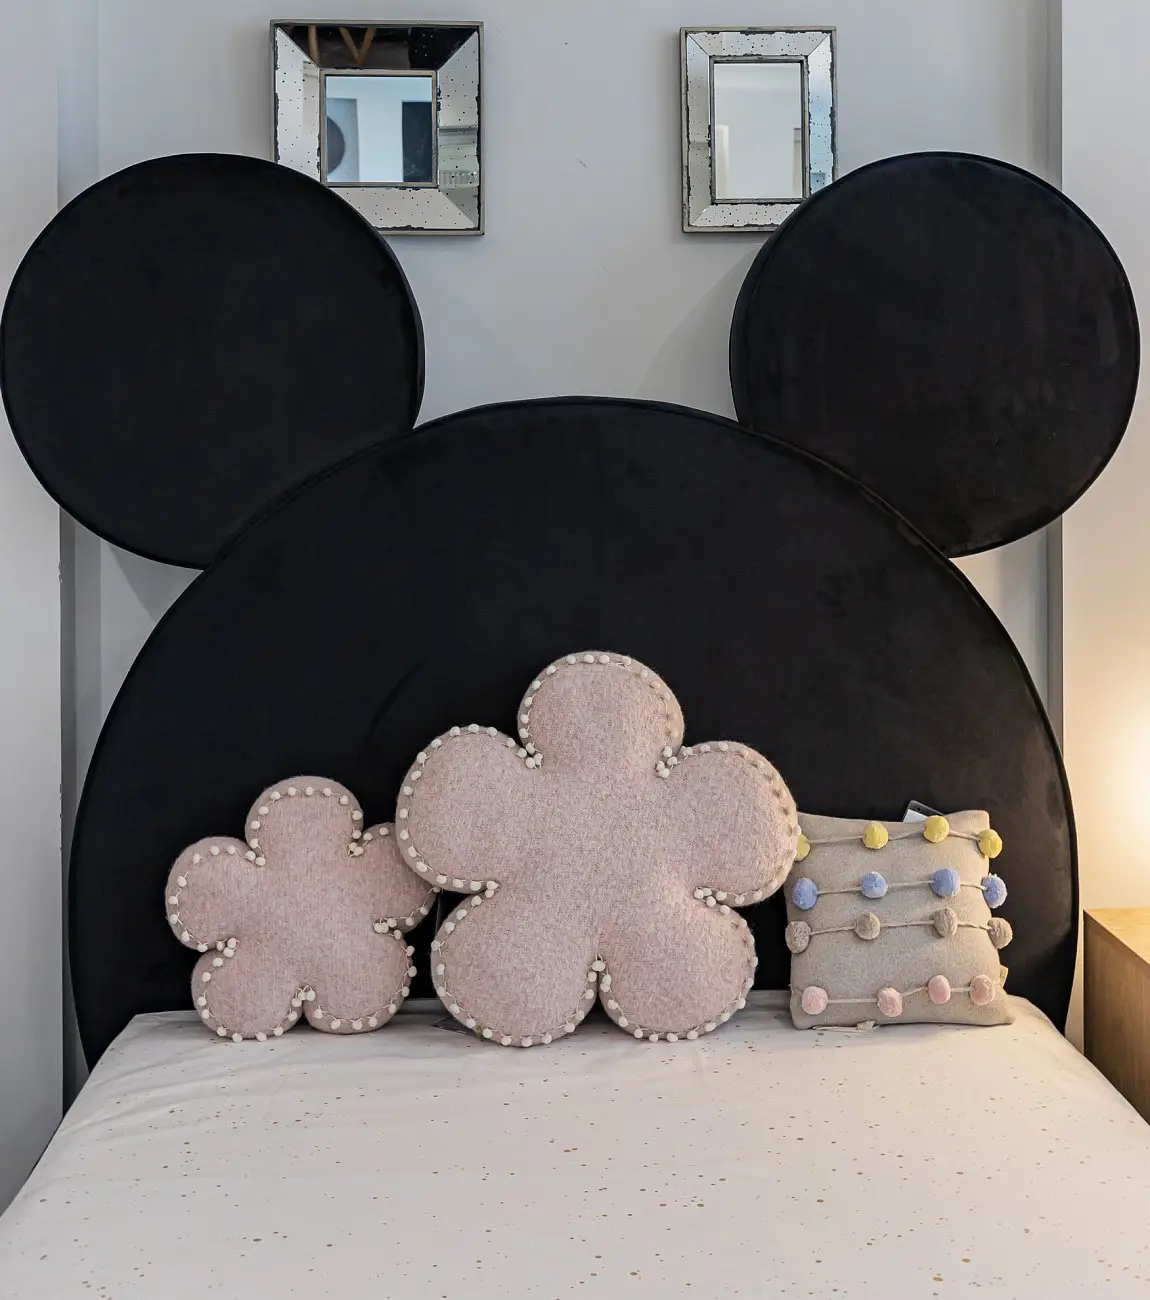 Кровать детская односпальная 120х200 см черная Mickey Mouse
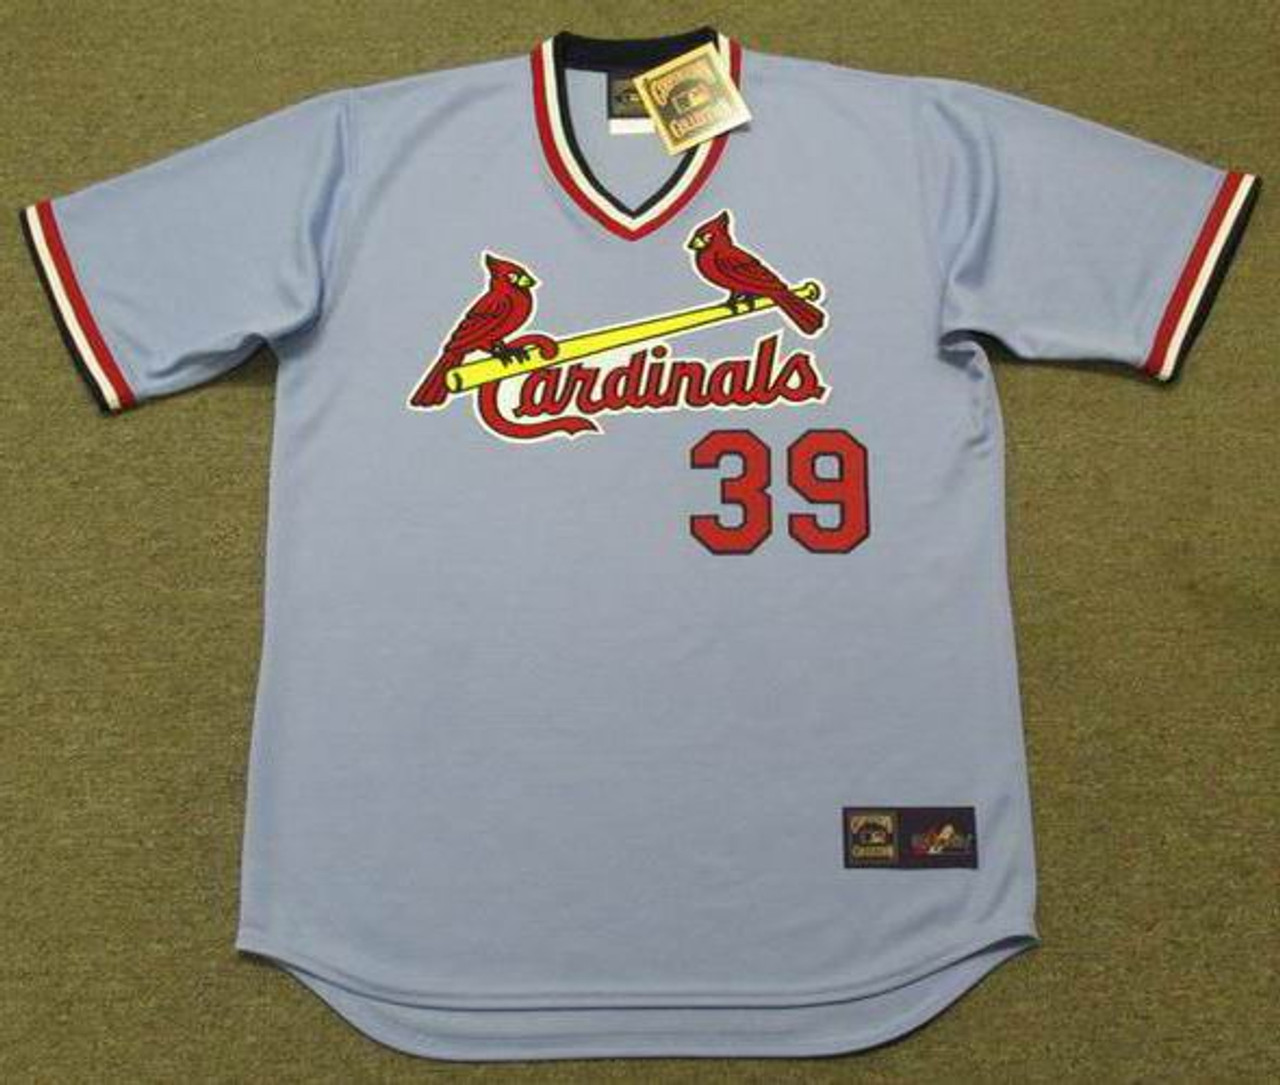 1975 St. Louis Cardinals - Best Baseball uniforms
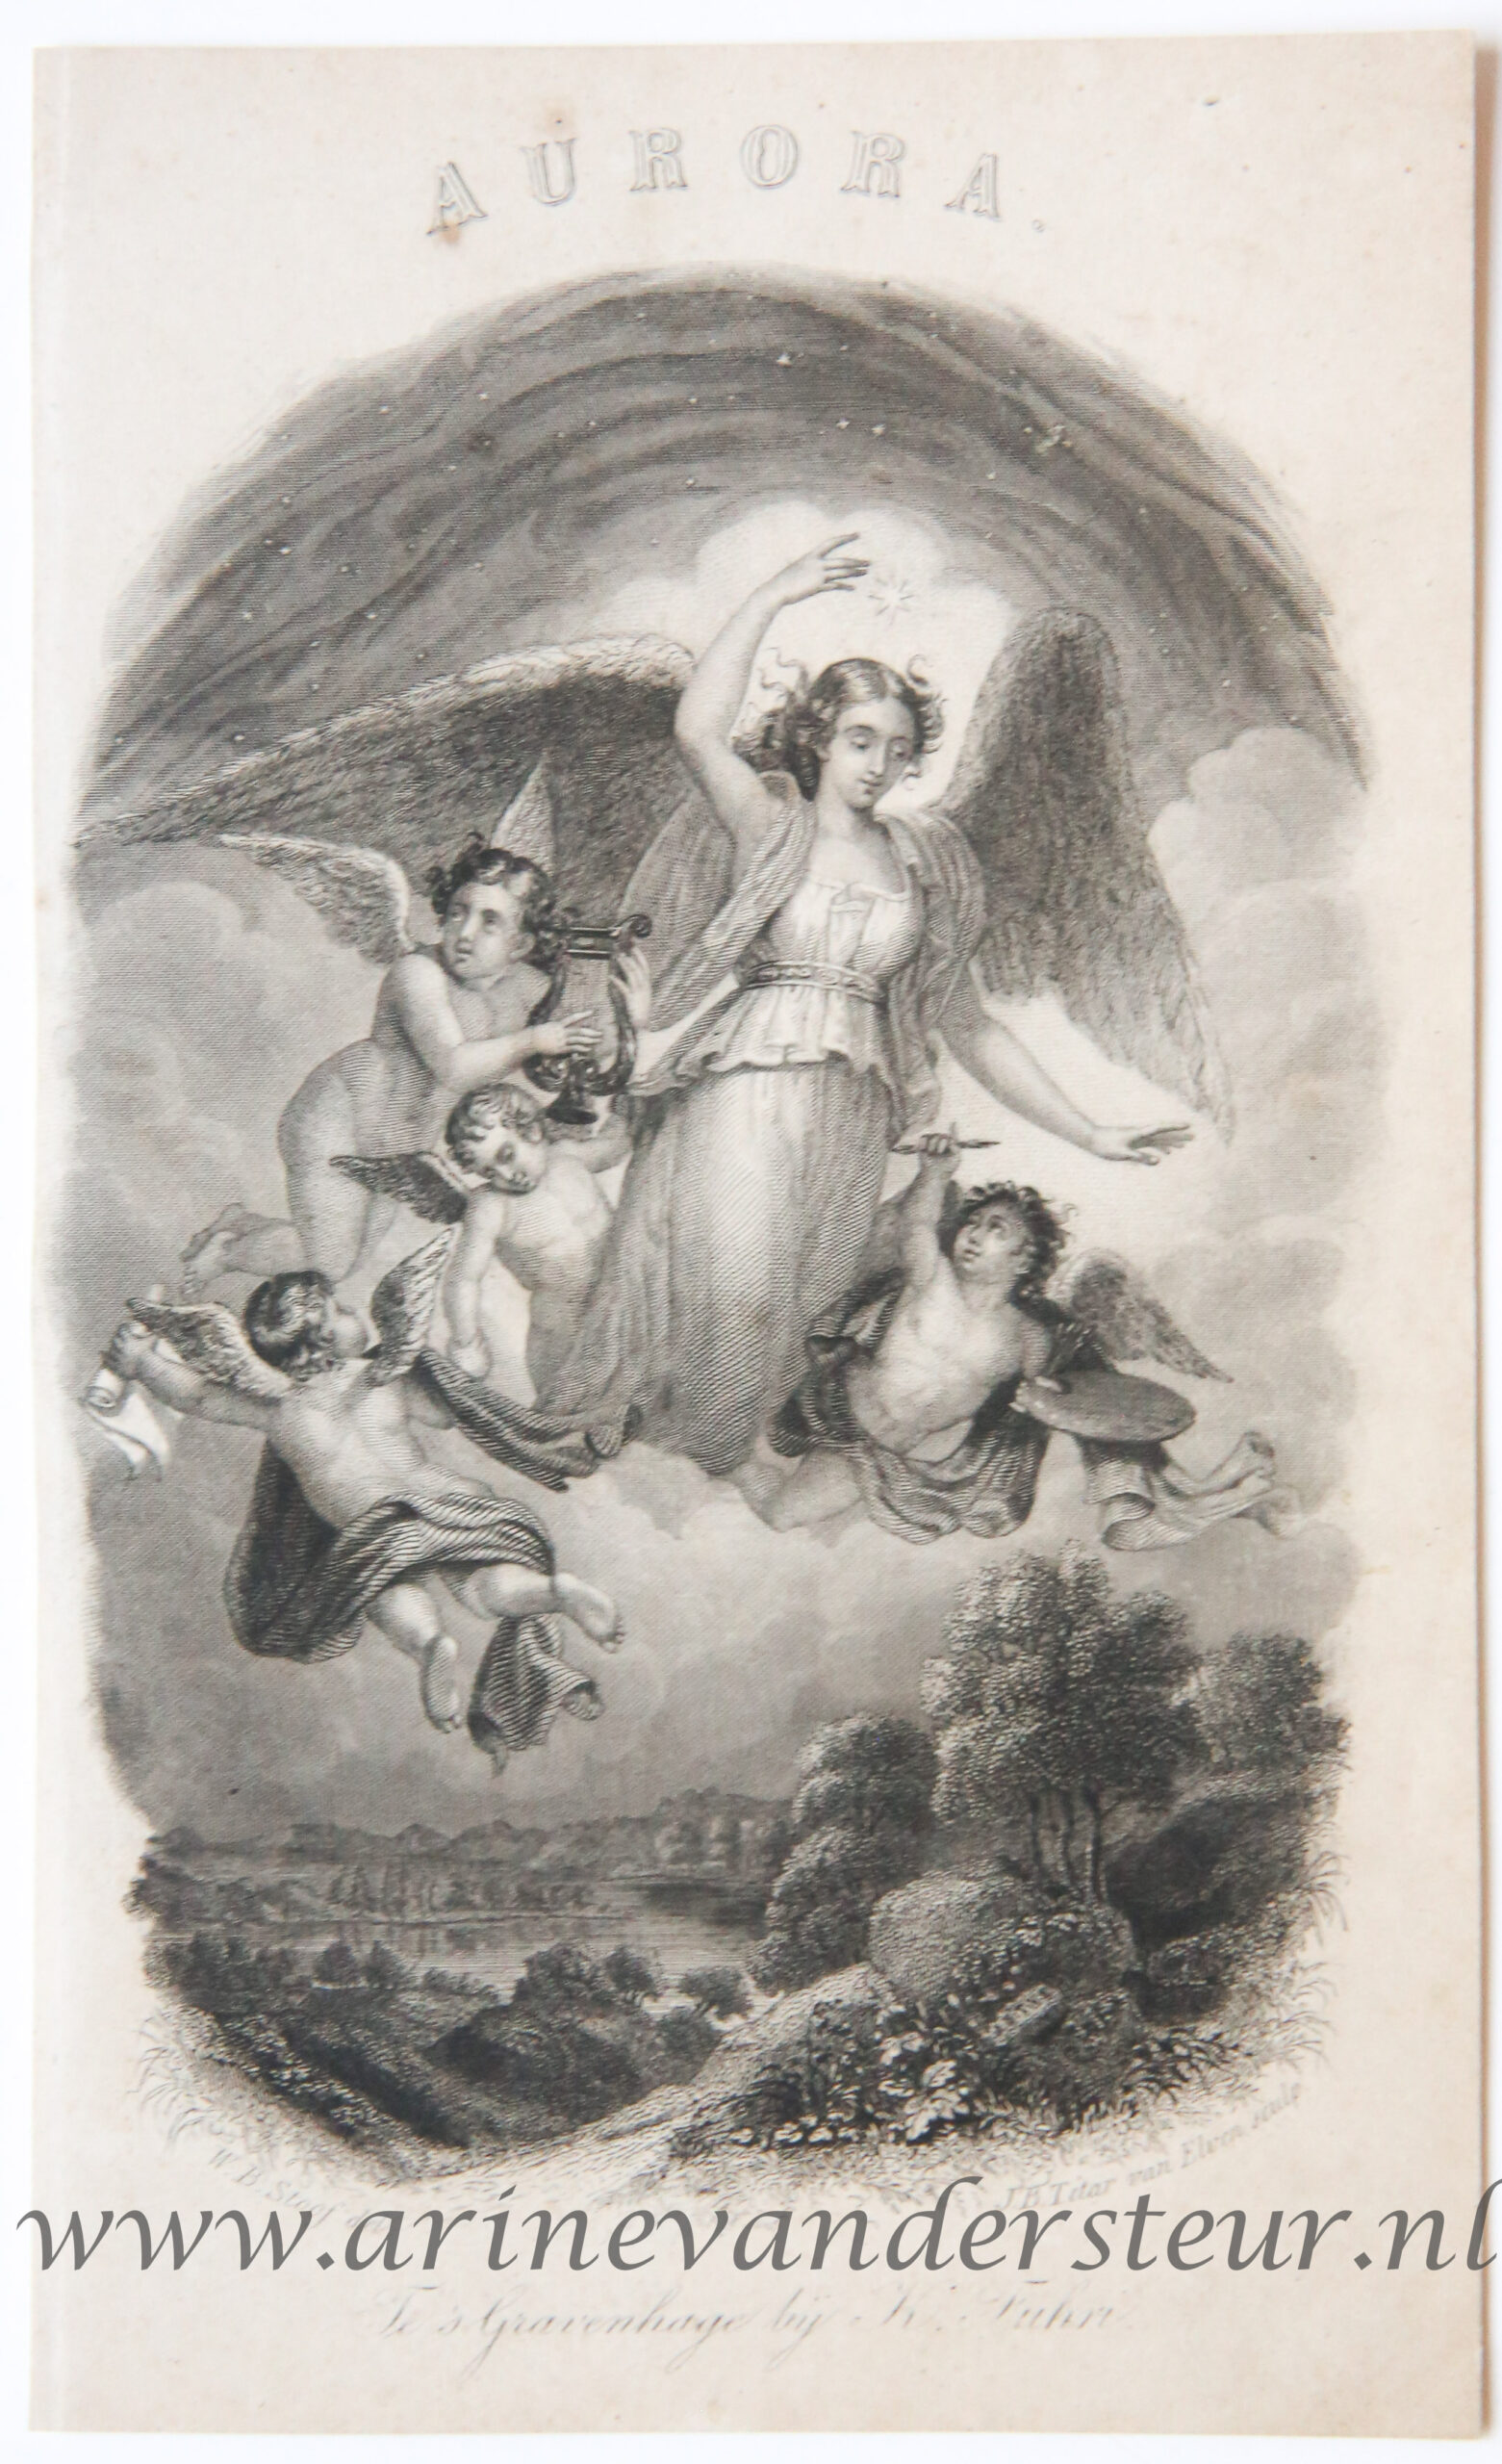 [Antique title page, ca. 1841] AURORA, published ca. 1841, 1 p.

• [Activity]
Across the whole listing, reproduce each line verbatim and exclude every picture.

• [Reply to the exercise]
 Кровать детская односпальная 120х200 см черная Mickey Mouse
 1975 St. Louis Cardinals - Best Baseball uniforms
 [Antique title page, ca. 1841] AURORA, published ca. 1841, 1 p.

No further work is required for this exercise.